Credentials are becoming working controls
Hermes commits 9cbc37e2 and acce1a245 show the product-facing version of the same shift. Provider configuration moves into a dedicated Providers settings page with separate Accounts and API-keys views. Key rows get inline save/remove behavior, redacted set values, provider grouping, OAuth launch paths, advanced URL and region overrides, and messaging credential routing.
This can look like polish, but the commit surface is full of runtime clues. The code distinguishes channel-managed messaging credentials from provider API keys. It exposes deep links into account and key settings. It aligns credential controls across Providers, Tools & Keys, and Messaging. A credential is no longer just a secret pasted before work begins; it is a live control the operator may inspect, route, replace, or remove while the agent product is running.
Even model steering is opening up
OpenAI Codex commit 8ac304c2 adds a different piece of the identity stack: model-defined reasoning efforts. Codex had known effort values. The patch accepts non-empty model-defined values, preserves string wire encoding, exposes an open-string schema to clients, and updates model selection and shortcut behavior around model-advertised effort values.
That is not about accounts or OAuth. It is about who gets to define the control surface. If a model can advertise a reasoning option the client did not know in advance, the runtime cannot treat the settings schema as closed forever. It has to carry model-specific intent through core, app-server, TUI, telemetry, persistence, and protocol surfaces without flattening it back into a fixed old enum.

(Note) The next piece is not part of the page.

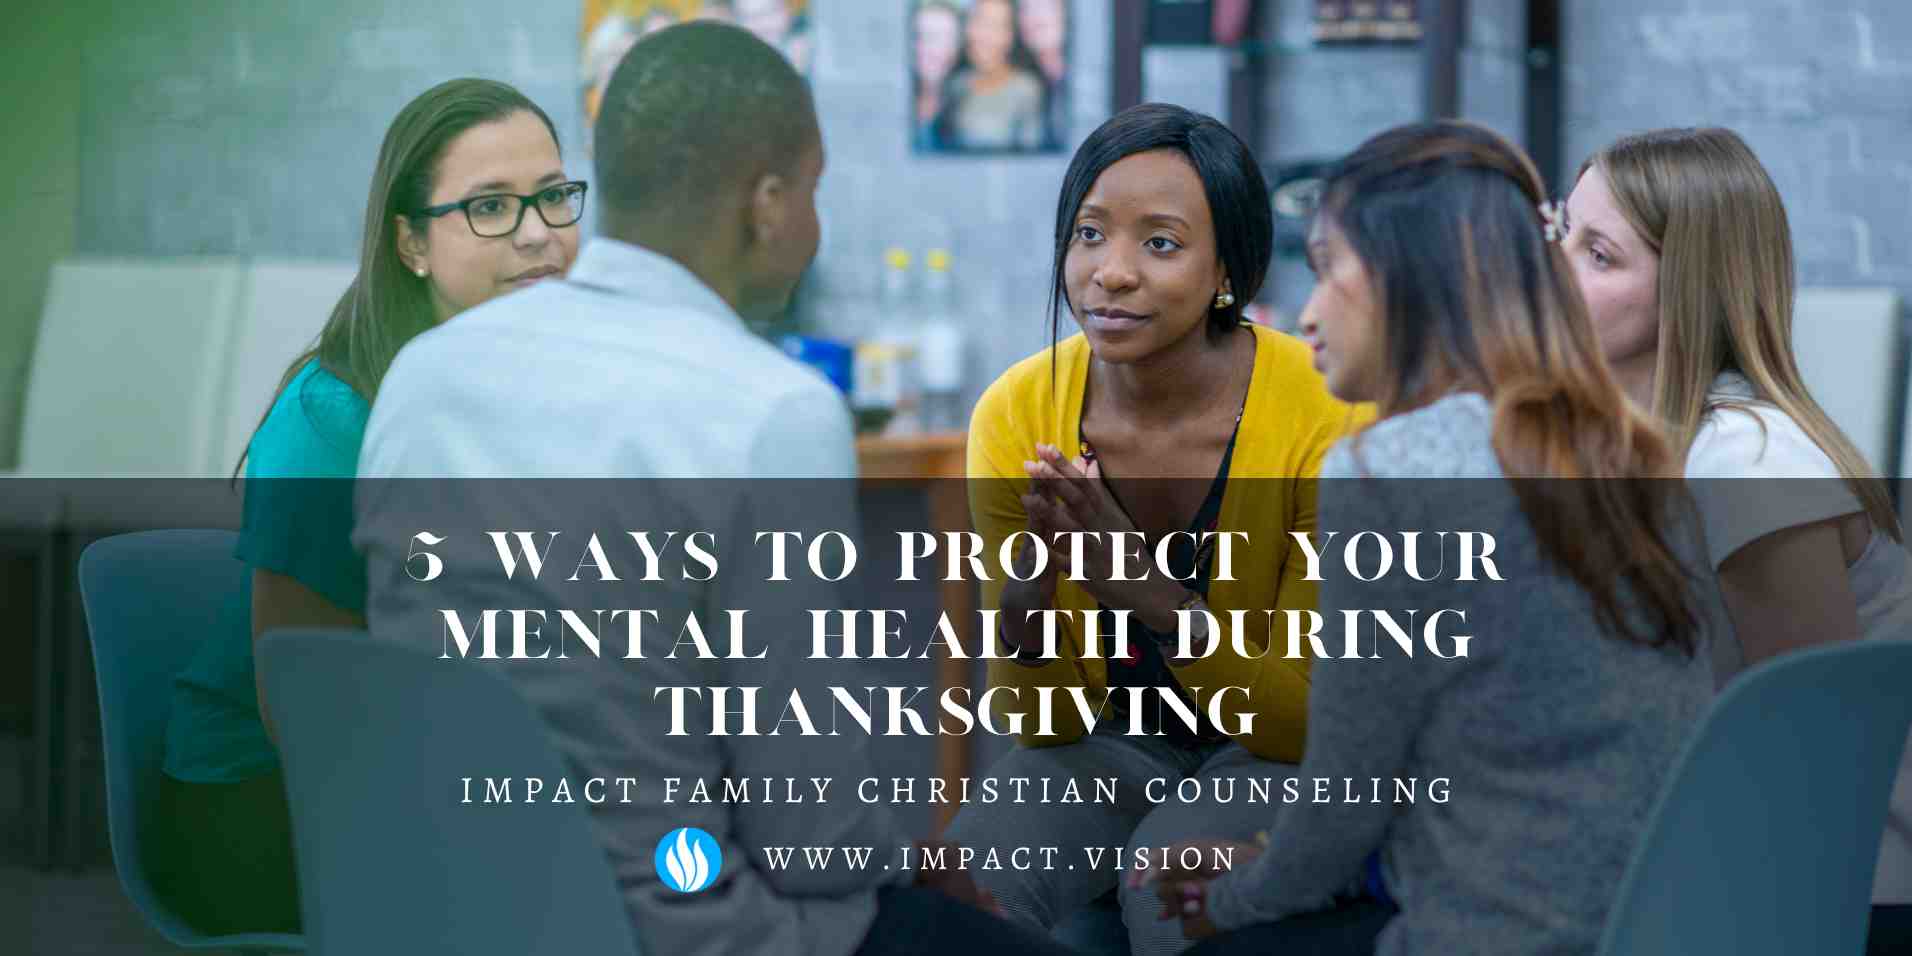 5 Ways to Protect Your Mental Health During Thanksgiving

The control plane is getting personal
The May 30 edition argued that agent control settings are becoming session state. Today's evidence moves that argument one layer deeper. The settings are not only becoming state; they are becoming identity-bearing state.
Hermes profiles decide which live backend and session database a desktop is using. Hermes secondary sockets keep background profile work alive. OpenClaw stores auth profiles in a database that the runtime can audit and repair. Hermes turns provider keys and messaging credentials into dedicated operator surfaces. Codex opens reasoning controls to model-advertised values.
This does not prove a common agent identity standard, and it does not prove every agent app needs the same profile model. It does show the shape of the next infrastructure argument. As agents take more delegated actions across more tools, surfaces, models, and accounts, "the user selected a setting" becomes too weak. The runtime needs to know which identity context is in force, which work belongs to it, which credentials it may touch, and which controls are safe to change while the agent is still moving.